The exercises that I’m doing since I’ve been on the pain management programme are working wonders. I am more flexible, more agile and stronger. I have tried hula hooping (that was hilarious, and very bad), I have competed in ‘standing on one leg’ competitions with 5 year olds, and I can even do the plank now for 25 seconds, which feels like a minor miracle. Slowly but surely I feel like I can do more, achieve more, and relax a bit. Mostly this feels wonderful.
The trouble is, that sometimes it means the crappy moments take you by surprise. I was at a little music group with my 2yo on Friday, and we had to do a song that was all about doing actions with a partner. One part of the song required us to lift our children and swing them round by their hands. Every other mum, grandmum and child minder there did it effortlessly. I couldn’t do it. My 2yo watched all the other grown ups swing their kids and watched the kids squealing with glee. Obviously she demanded I do the same.
When I couldn’t, she lay down on the floor and sobbed.
I wanted to join her.
I have finished the pain management course. 8 days over 4 weeks of information, breaking patterns of behaviour, getting moving again, problem solving and personal goals.
At the end of week 2, I felt the course was quietly brilliant, rather than mind-blowing. I was fascinated by how our physiology, thought, emotion and behaviour was connected. I was encouraged by a return to physical exercise that was more demanding of me than walking a long way. I felt like I was on a month-long journey of hope.
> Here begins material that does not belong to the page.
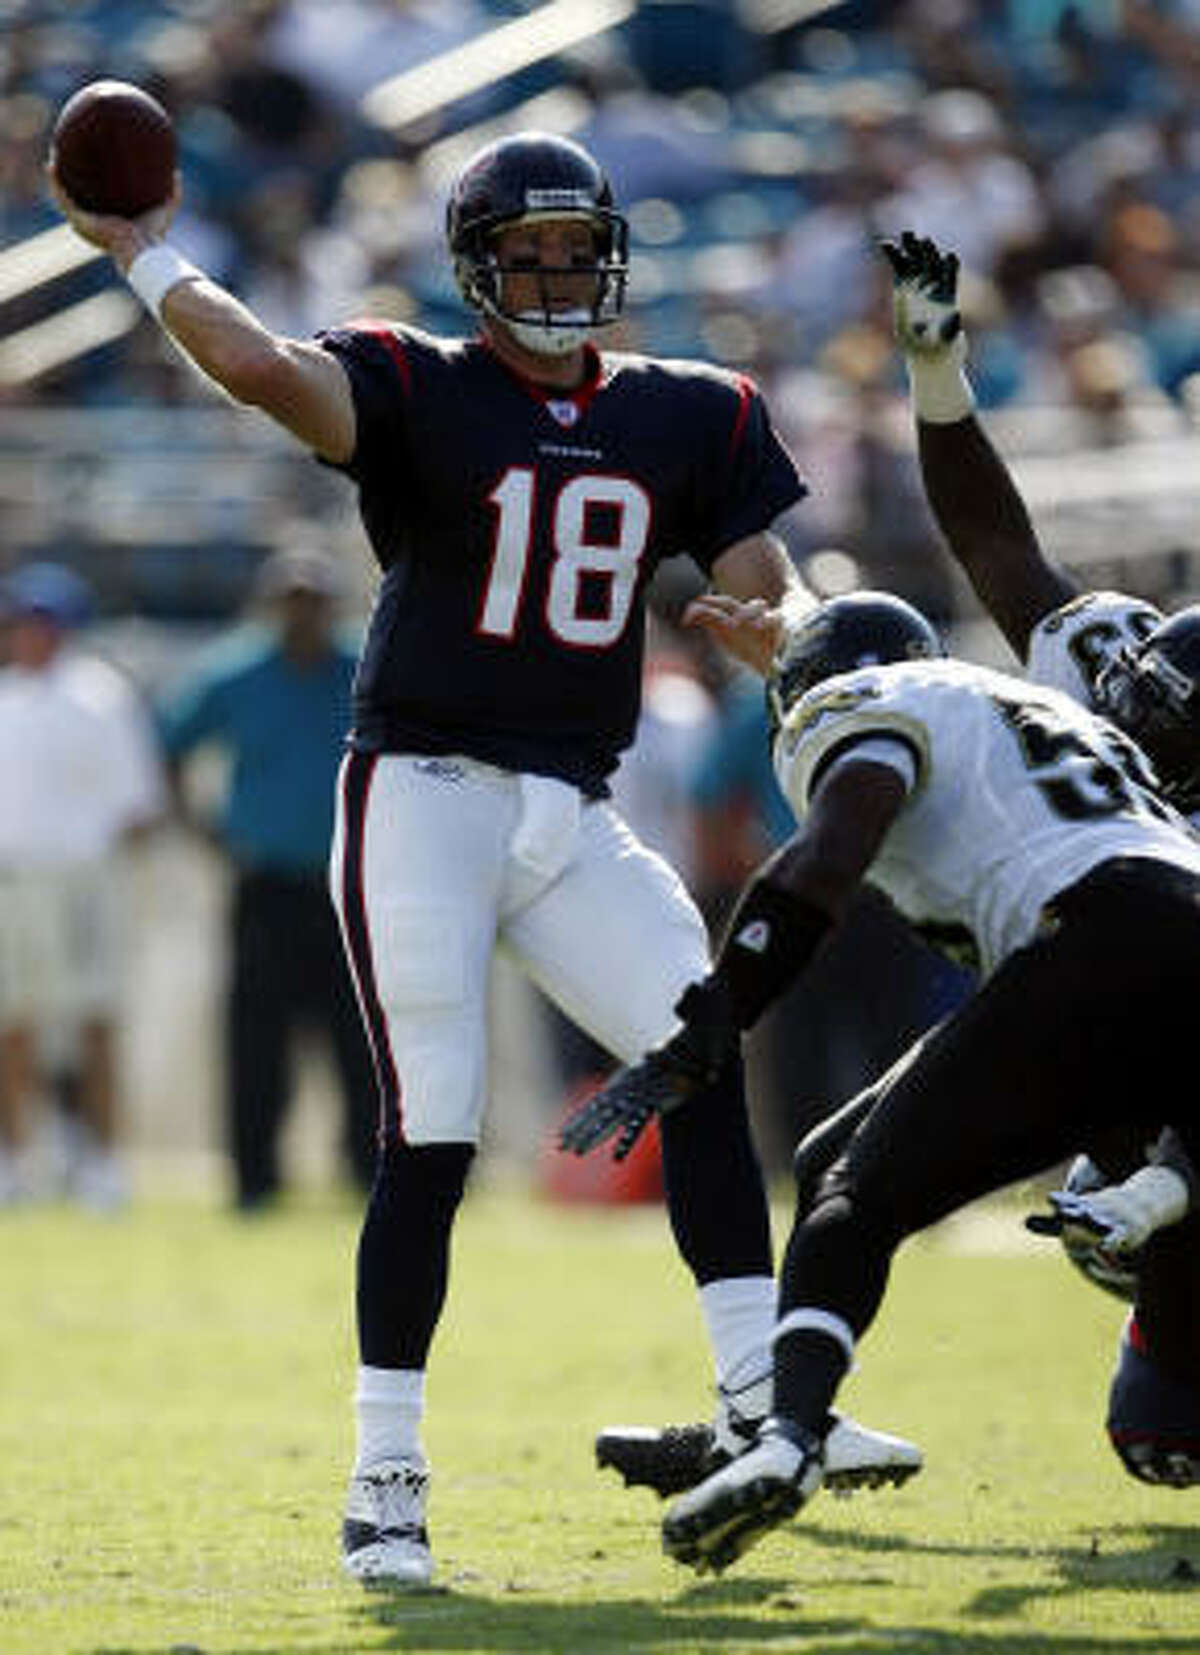 Oct. 14, 2007 | Texans vs. Jaguars: The first time Sage Rosenfels stepped in for Matt Schaub was in the 37-17 Houston loss to Jacksonville last season. Rosenfels completed 11-of-12 attempts for 82 yards.

Then it stumbled. It was too limited and didn’t push enough boundaries. Many of the problems being addressed were to do with poor communication with those people around you, which although interesting is not the issue I have. I felt disheartened. At the end of the course the psychologist asked me if I was OK.
OK is definitely not the word this time. I felt hopeful and deflated, I felt tedium, I felt limited, I felt furious, frustrated and a bit lost. I thought I would blog the whole experience, but it turns out I didn’t want to. The premise of the whole course is a depressing one: There is nothing more, medically speaking, that we can do for you. This pain is here to stay. Let’s help you manage that.
It is important not to leave people languishing when we are in pain and I have learned both useful and interesting thing on the course. Some of the things have already helped, but I don’t feel it gave me as many tools for coping as I had hoped. Now what?